=== Problem to solve ===
Look through the entries below and extract exactly the lines from the one containing "Enad Global 7 logo (transparent PNG)" through the one containing "Grecia – Descubre", ends included.

=== Data supplied ===
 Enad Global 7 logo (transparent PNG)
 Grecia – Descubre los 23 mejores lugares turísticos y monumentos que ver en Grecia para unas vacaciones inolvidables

* * *

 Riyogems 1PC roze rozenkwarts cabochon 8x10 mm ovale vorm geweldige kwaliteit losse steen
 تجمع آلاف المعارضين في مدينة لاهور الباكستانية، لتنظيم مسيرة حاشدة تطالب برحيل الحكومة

...

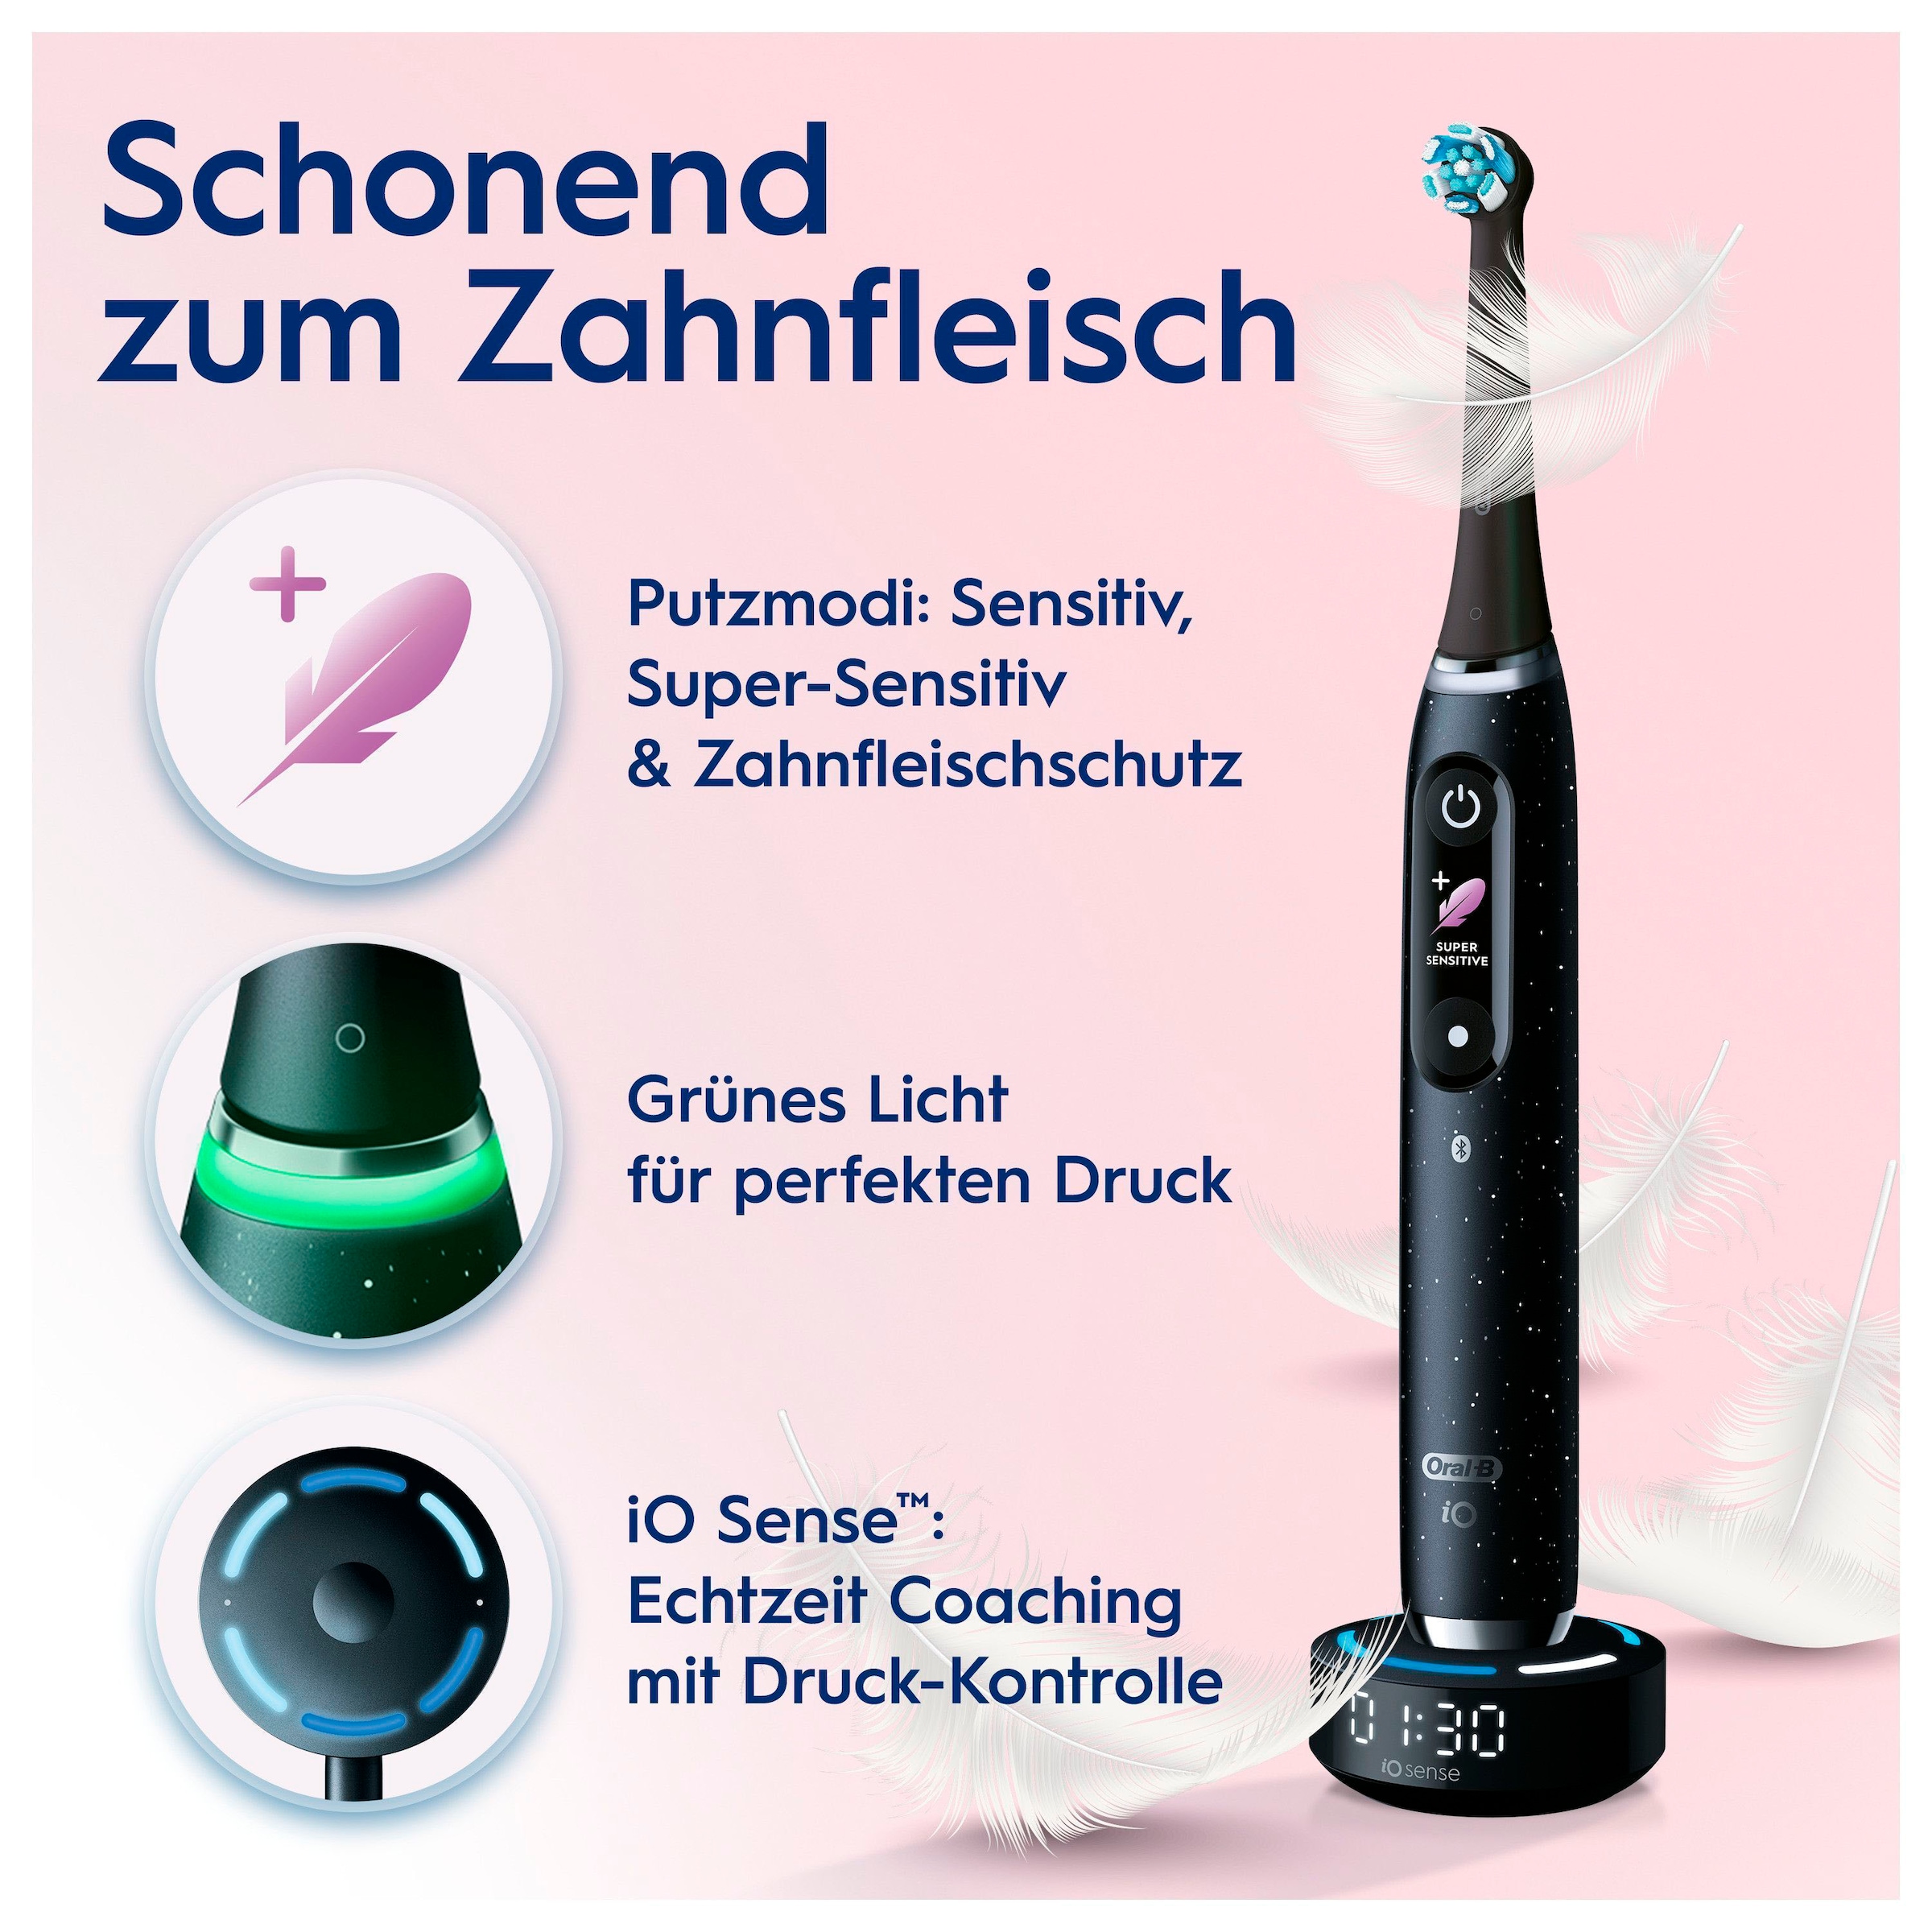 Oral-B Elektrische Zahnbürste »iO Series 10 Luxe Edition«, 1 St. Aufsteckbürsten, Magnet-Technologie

=== Task result ===
 Enad Global 7 logo (transparent PNG)
 Grecia – Descubre los 23 mejores lugares turísticos y monumentos que ver en Grecia para unas vacaciones inolvidables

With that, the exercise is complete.